Depending on the wording of the final proposals from the Commission, businesses will need to consider carefully what personal and non-personal data they hold and whether any of this data might fall under the Commission's proposals for facilitating data sharing. This can present various opportunities for businesses that are able to take advantage of the increased data flows and leverage the data made available by the public sector and other businesses. However, all parties involved will need to ensure that their respective behaviour is compliant with competition law, especially in relation to information sharing, and the applicable data protection legislation and intellectual property rights in that data enjoyed by others.

While the UK Government is not expected to adopt any legislative proposals coming from the Commission after the end of the Brexit transition period, the Commission's proposals are likely to have an impact on any businesses operating in the EU regardless of their country of incorporation.

Moreover, the UK Government has announced in its Spring Budget that it will create a digital markets taskforce within the Competition and Markets Authority and accept all six strategic recommendations from last year's Furman report on Unlocking digital competition, which included a recommendation to advance data openness and access to non-personal or anonymised data. It is therefore likely that like the EU, the UK will implement rules to encourage and facilitate data sharing in the private sector.

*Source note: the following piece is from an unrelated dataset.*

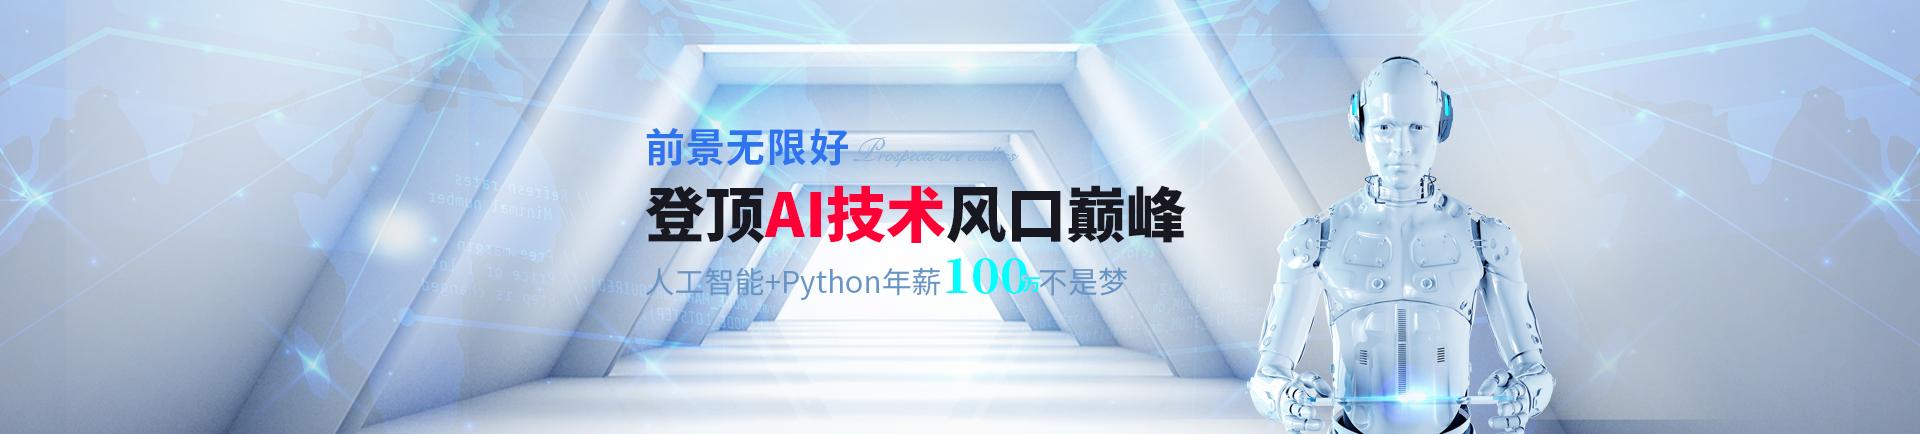 登顶AI技术风�巅峰 人工智能+Python年薪100万�是梦-suzhou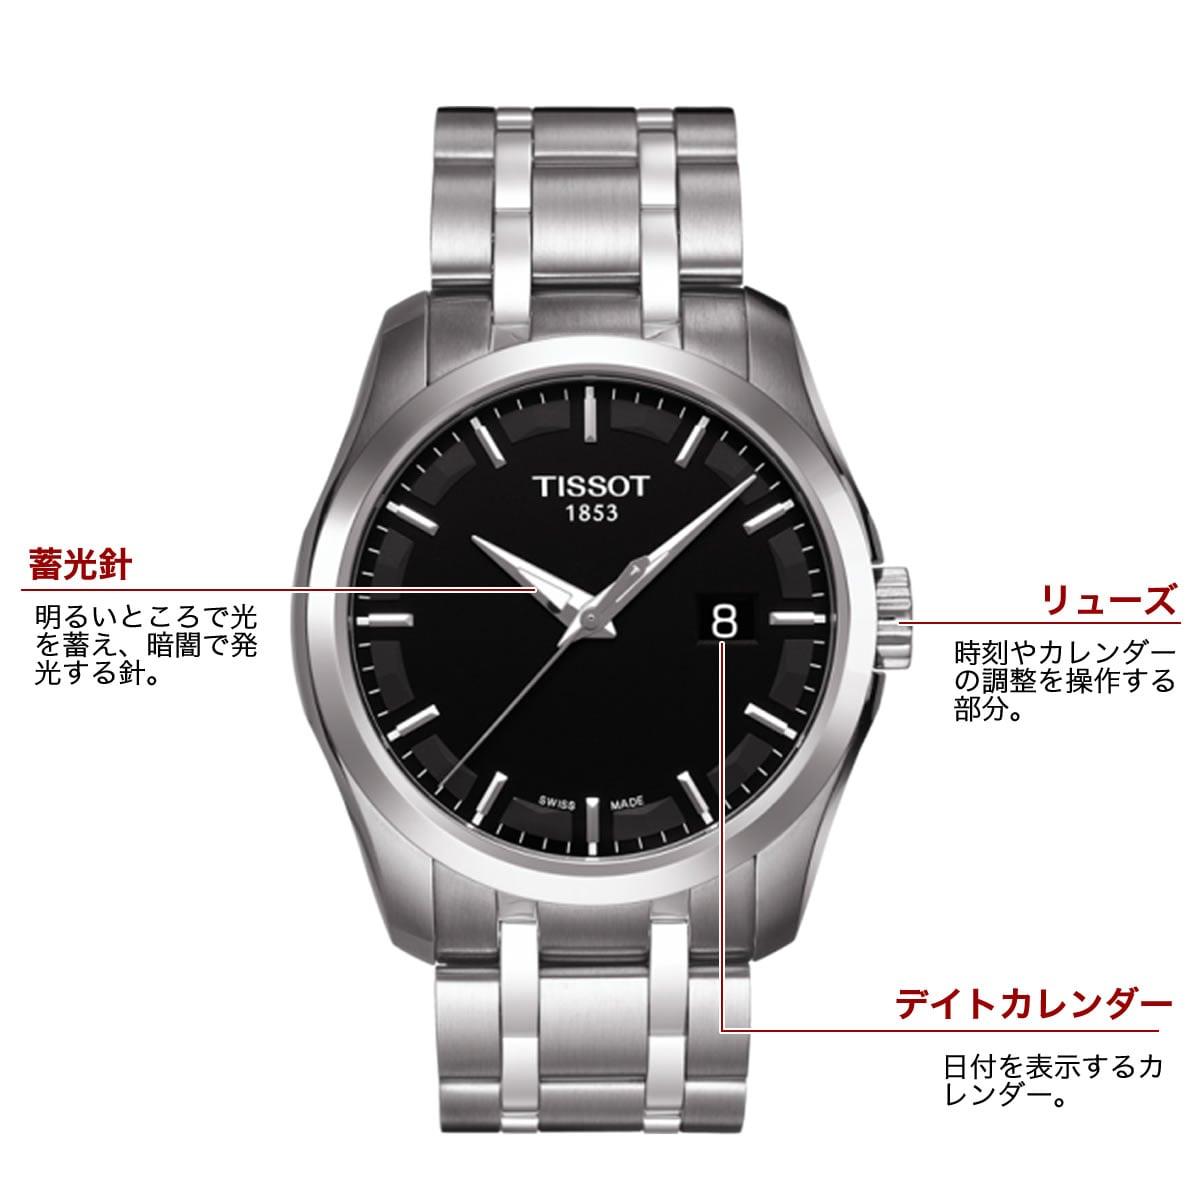 ティソ クォーツ 男性用腕時計t0354101105100

At the moment, it is not clear what the impact of the COVID-19 pandemic will be on the Commission's proposals but it is likely that any strategic legislative proposals will be delayed as a result of the pandemic. However, the Commission and / or national governments might potentially speed up their efforts to encourage data sharing with public authorities to evaluate the effectiveness of social distancing measures, analyse where serious outbreaks of the pandemic might occur and/or warn individuals who have recently been in touch with individuals exposed to the virus.